## Optimize project cost given project constraints. Formulate it as constraint optimization problem and solve it.

## Problem Description

#### In project management, we frequently encounter requirements to plan project such that overall project is completed within committed time to customers/users, but with minimal cost. This is clearly a optimization problem. Below we formulate it as Linear Programming(LP) problem and resolve it using PuLP, the python LP solver.

### <span style="color:red">Aim</span>
### <span style="color:green">We want optimize/minimize the project cost such that project duration is within K weeks</span>

#### Project tasks, their inter dependencies, normal durations, normal costs, crashing durations and crashing costs are given. 

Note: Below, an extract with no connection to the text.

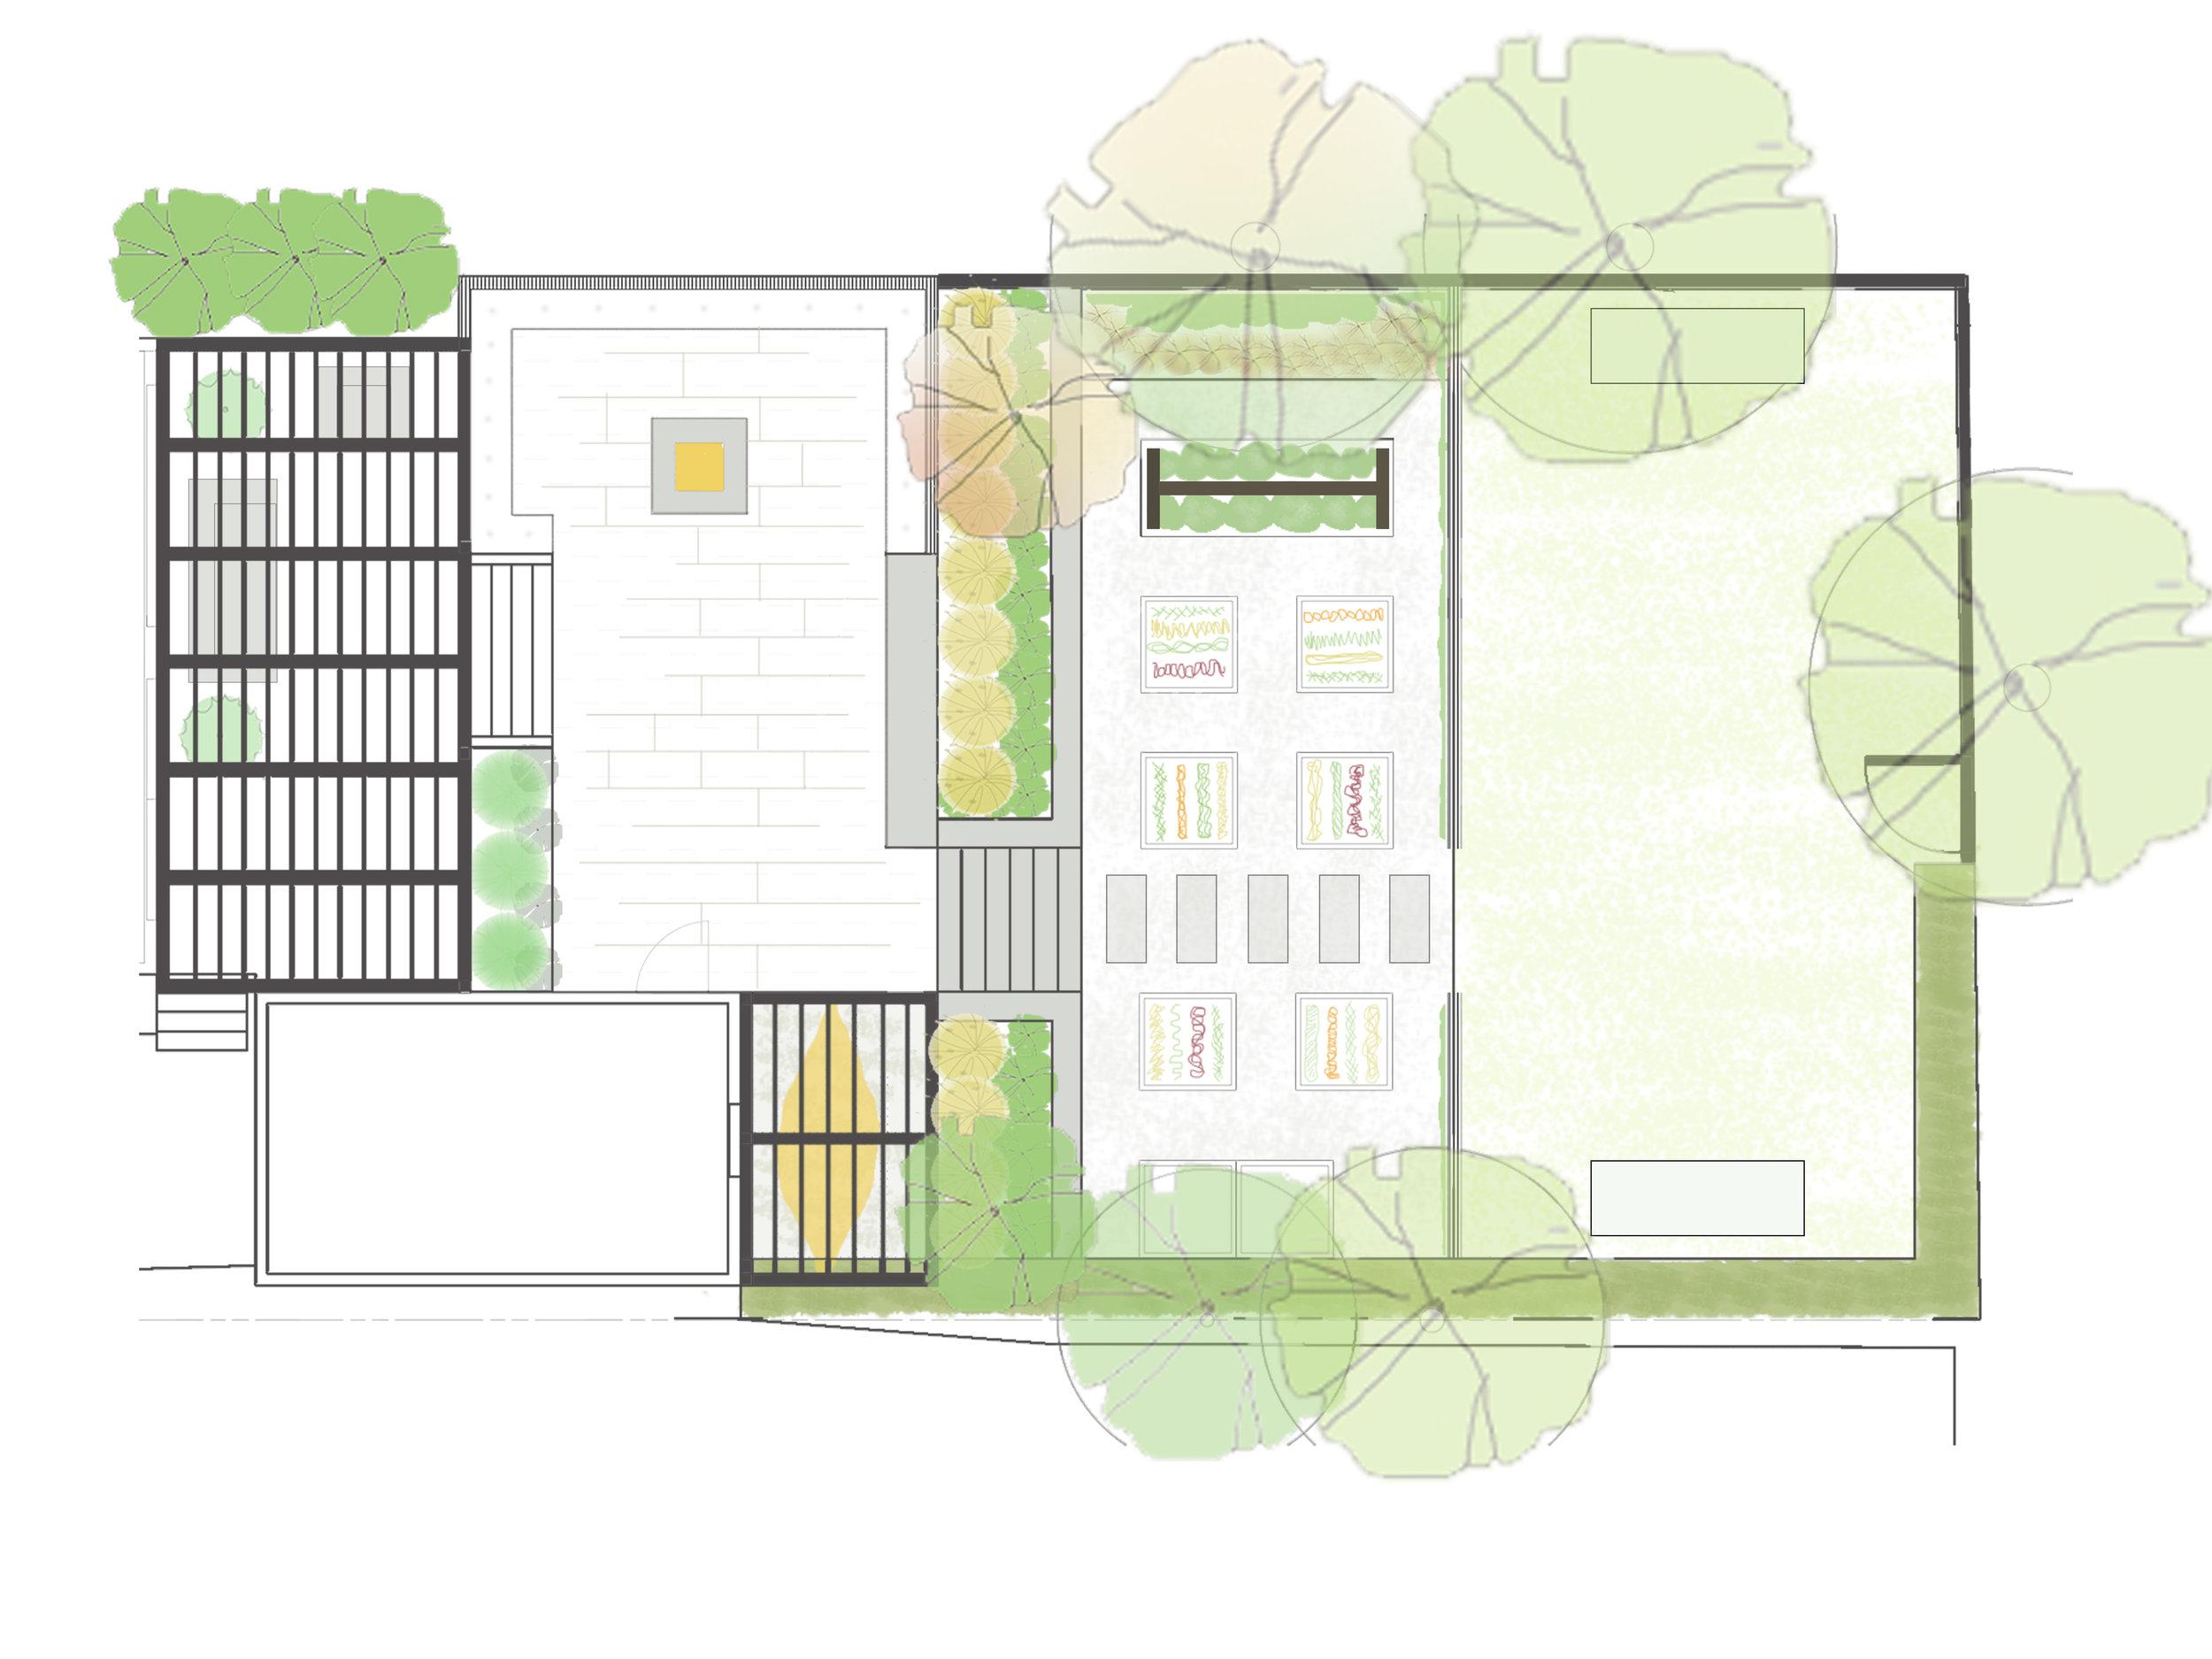 Halifax Landscape Architect - Land Studio East
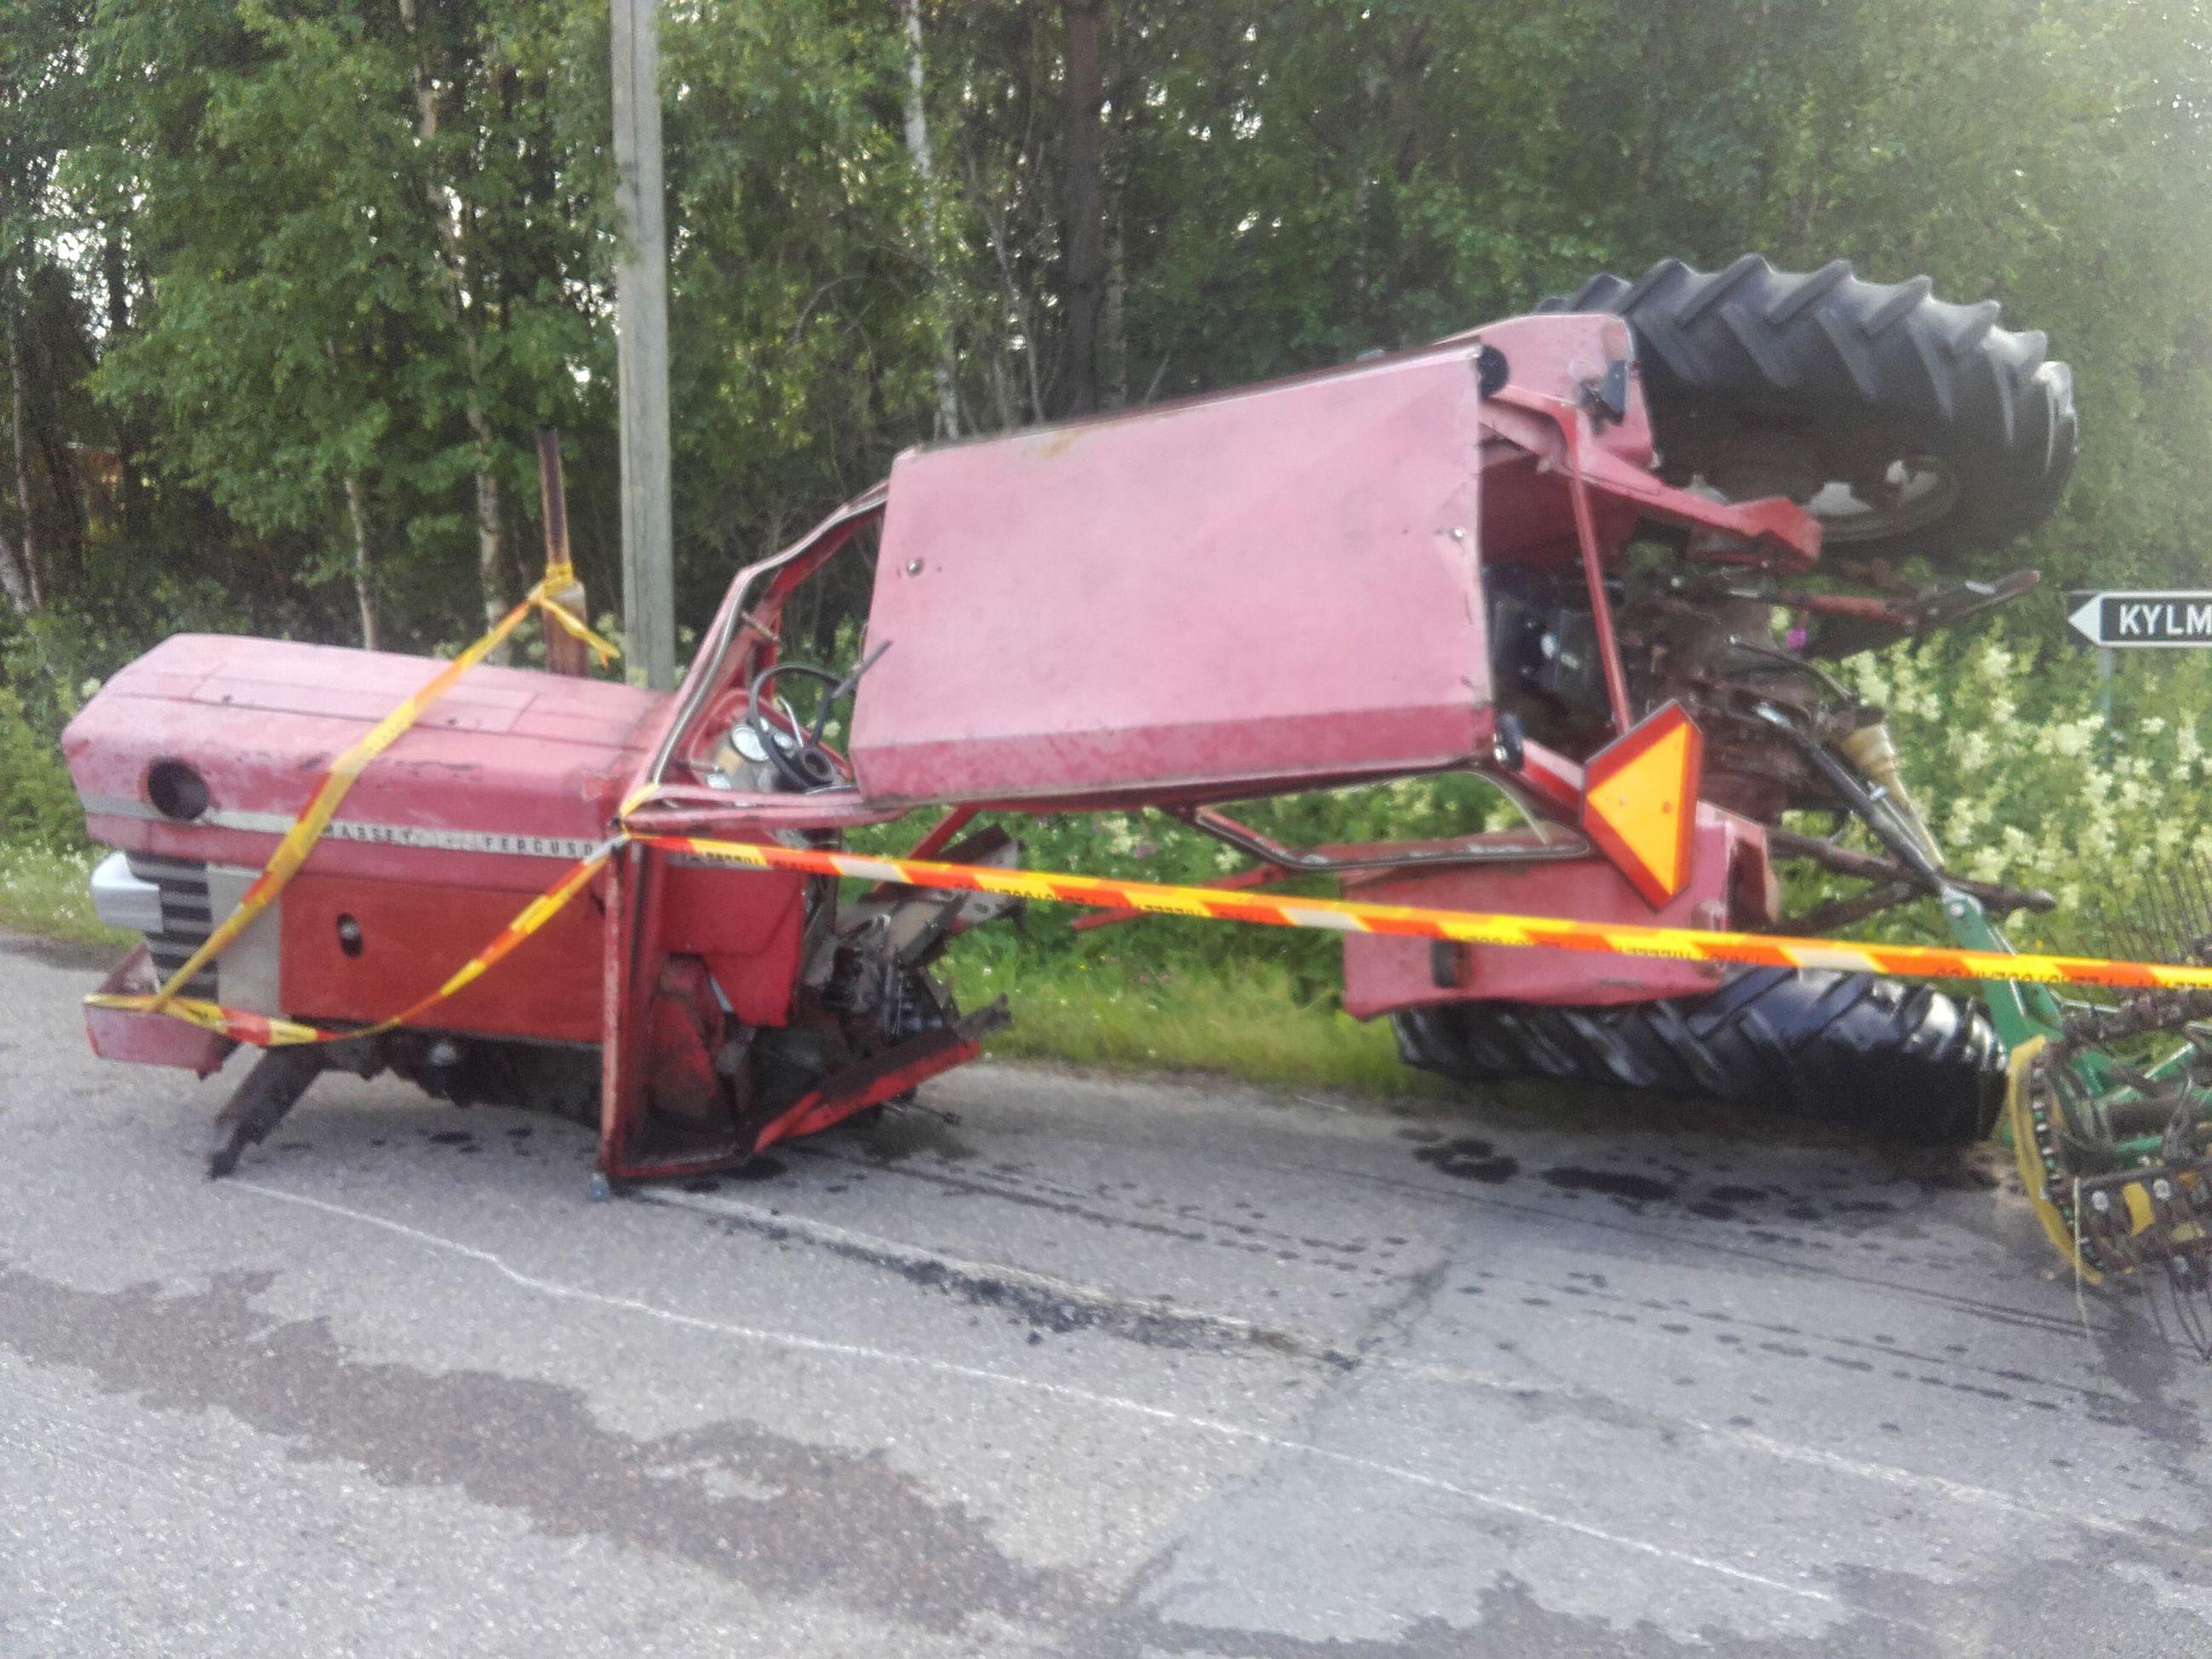 Traktorinkuljettaja

#### Crashing means max extent to which task duration can be decreased, but with increased costs. For eg: A task with normal duration of 1 week with normal cost of 100 dollars, might be decreased to 0.5 weeks(crashing duration) with a (crashing) cost increased to 160 dollars.

#### Tools used: 
1. PuLP (python Linear programming library) with CBC and GLPK backend solvers.
2. Numpy
3. Pandas

In [1]:
# pip install pulp 
# sudo apt-get install coinor-cbc glpk-utils

In [2]:
import pandas as pd
import numpy as np

##### Import project tasks, their inter dependencies, normal durations, normal costs, crashing durations and crashing costs. This data is taken from https://www.linearprogramming.info/formulation-and-resolution-of-a-model-of-linear-programming-to-reduce-the-duration-of-a-project-crashing/

In [3]:
# task_details is stored in pandas dataframe df
df = pd.read_csv("./task_details.csv",index_col = ['task'])
df

Unnamed: 0_level_0,prerequisite_tasks,normal_duration_weeks,normal_cost_dollars,crashing_duration_weeks,crashing_cost_dollars
task,Unnamed: 1_level_1,Unnamed: 2_level_1,Unnamed: 3_level_1,Unnamed: 4_level_1,Unnamed: 5_level_1
A,,1.0,100,0.5,140
B,A,3.0,150,1.0,270
C,A,1.0,120,0.5,160
D,"B,C",1.0,10,1.0,10
E,D,1.0,225,0.5,300
F,D,3.0,500,2.0,700
G,D,3.0,400,1.0,500
H,G,1.0,150,0.5,170
I,"F,H",1.5,75,0.5,135
J,I,1.0,350,0.5,385


In above, critical path is A-B-D-G-H-I-K-L.

In [4]:
normal_project_cost = np.sum(df['normal_cost_dollars'])
print "Normal Project cost is ", normal_project_cost, " dollars"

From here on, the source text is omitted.